As I sit here I’m trying to think of if I want to start with my Dad or talk about myself and what’s been happening in my life. PTSD is definitely not something I’d wish on anyone and no I didn’t suddenly get it I’ve had a good bit of trauma growing up. I’ve been discussing that with my therapist quite a bit and as she’s stated I’ve had trauma upon trauma over and over again. That is sad but true and I haven’t always known who I can and cannot trust and have been exceedingly bad at seeing the monster in people. That’s one thing that I was taught was to see the good in people and it’s really hard.
At 11 raped by three girls and didn’t say anything about that until I was almost 16. Was being bullied and attacked by some of the girls and their friends repeatedly and having my life threatened. Wish I could say that was easy to shake off but it wasn’t but I managed to graduate high school and get married to a boy who cheated on me in high school and also was abusive. But I thought I could change him by marrying him or so I told myself. I think honestly I wanted to get away from my hometown because of the horrors I endured. Being called a lesbian wasn’t fun and being beat up for it on a regular basis wasn’t fun either. I wasn’t a fighter back then but getting beat up did teach me several things along the way.
I divorced my first husband and found myself in my twenties working in radio and in love which led me to living in New York City. But alas Rey broke my heart but was a coward about it and it wasn’t until after I was raped on July 4th of 1998 after he told me he needed some time and I pushed for an answer that I got the true answer that it was over. So that was the first time I was back in Rhinelander after I left at 19 for Abilene and it was another shit show for me. I knew the attacker, it was an ex friend’s husband except she wasn’t an ex-friend back then she had been one of my oldest and dearest friends. But alas I didn’t just lose Rey, I lost her and her brother too.
Of course I did try to get help and was going to therapy and sexual assault meetings but that trauma ran and still at times runs deep. It has run so deep that while I made a brave face and worked at WHDG that July 4th and went on to work at the phone company it haunted me. It haunted me bad. Especially around July 4th because it’s trauma upon trauma upon trauma and I can talk until my voice dies to therapists and go to meetings but everyone needs a strong support system around them.

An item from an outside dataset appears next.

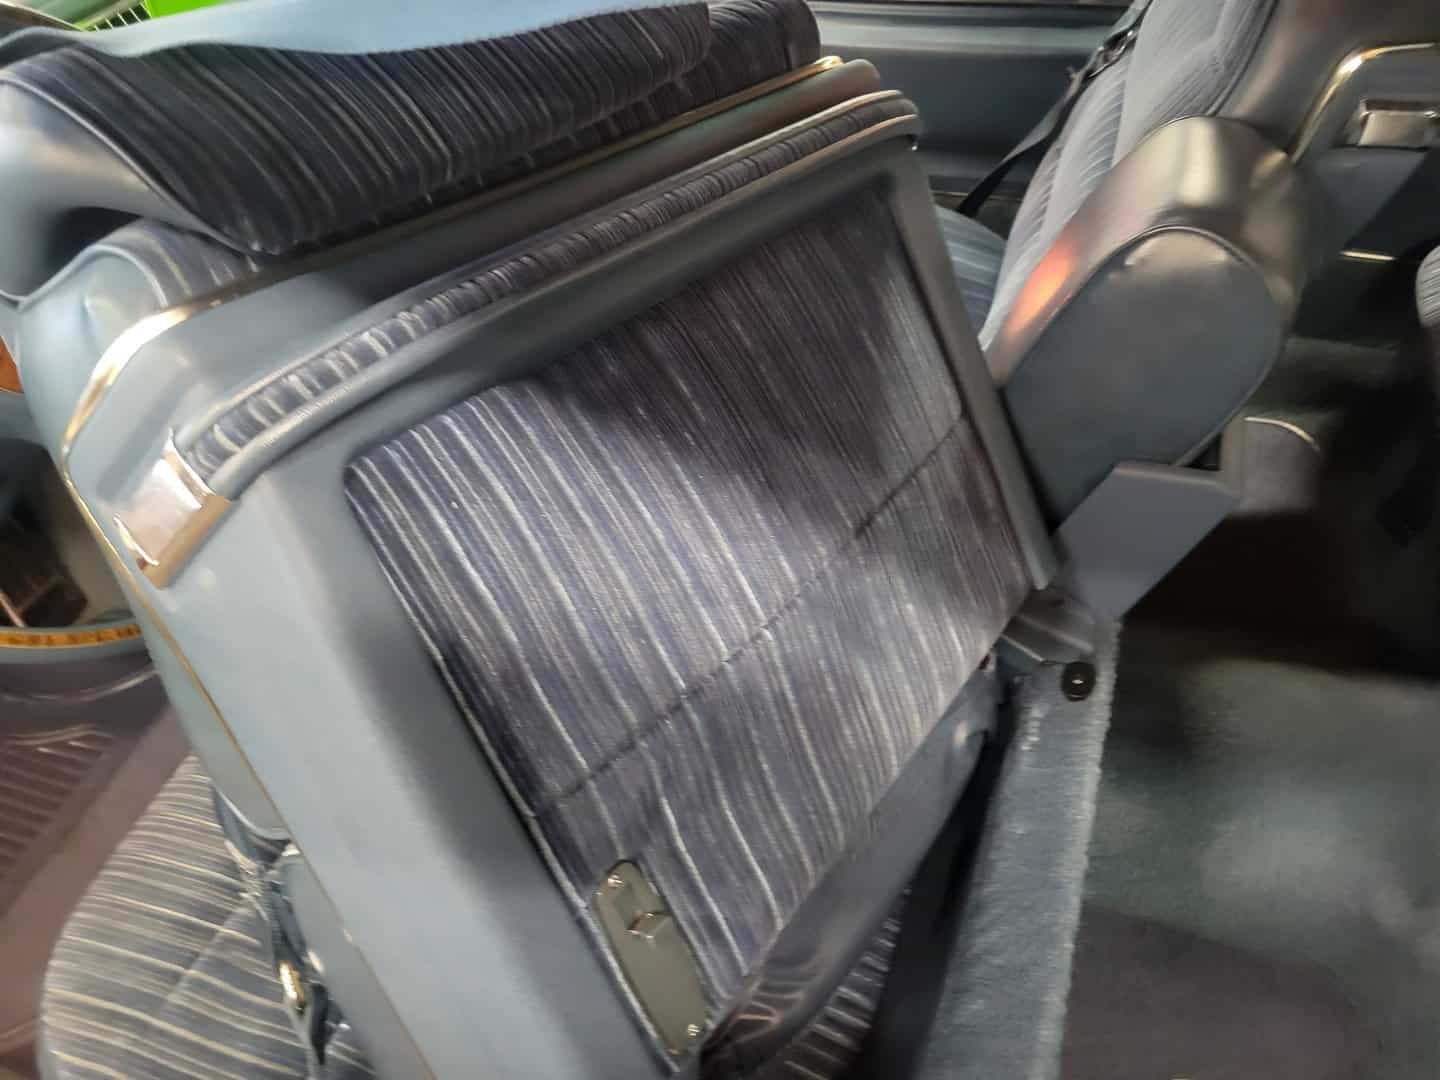 The Back Seat Of A 1976 Cadillac Coupe Deville With A Seat Belt.

From 1998 until 2012 I lived in Rhinelander and there were good and bad things that happened during that time. I met Paula, my best friend and sister I never had and I was with Joe for our 7 years. And then I screwed up. And made lots of choices but I don’t regret leaving Rhinelander for Austin or for all the places I seen and have been.
That leads us to 2017 and 2018. Right now I’d say that 2018 was definitely the shitshow that plummeted my anxiety and PTSD which I had already and was being mildly medicated for to severely traumatized. What Mr. Holt did to me is unspeakable, what he did to Luna I don’t know but know he did fucking kill her and what he did to my baby Dexter is gut-wrenching. It is no fucking wonder why I am struggling past this trial with my life. I have Joe now and I’m not in Rhinelander at all. I have no faith whatsoever in their justice system and I know that fucking psychopath was going to kill me and would if he could still given the opportunity.
And I am left to pick up my pieces with therapy, groups, writing and have Joe help me get those pieces put together so I feel more human. I am less scared living in Cincinnati but it is hard. This coming up week would’ve been Luna’s 6th birthday and yes I did spoil my babies on their birthday’s and other times as well. They were therapeutic for me and I loved them both because I raised them as babies and they were my fetchers. They were both sweet cats and I hope one day I can forgive myself for not seeing the monster and then when I did just for being scared and stupid. Paula and Joe and my therapist and others have told me I shouldn’t blame myself but it’s really hard for me not to because I do feel responsible for them. I was supposed to protect them from harm but I delivered them to the monster that killed them.
Sunday is Father’s day and I love my Dad. I’ve always loved him even for all the times I’ve gotten upset or said bad things or did things he didn’t want me to do. I didn’t do them to spite him. I always wanted to make him proud. I know in some ways I am like my Dad because I’m an artist and I know he gave me that gift. Don’t worry Dad, I’m not wasting it. He’s a good man, hard working, loving and smart. I miss fishing with him and I miss him and while I know that we’re estranged at times there’s not a day that I don’t think about him and wonder what he’s up to and how he’s doing. I know 2018 and into this year has been hard with the trial and many other unexpected things that happened in the past couple of years. I just hope you know just how much I do appreciate everything you’ve done for me. For flying to Corpus Christi and helping me drive back to Rhinelander. To helping me move multiple times. For bringing me to work and helping me by burying my babies in your backyard. To every court hearing you sat through with Sue. I know you love me and I love you Dad. Happy Father’s day.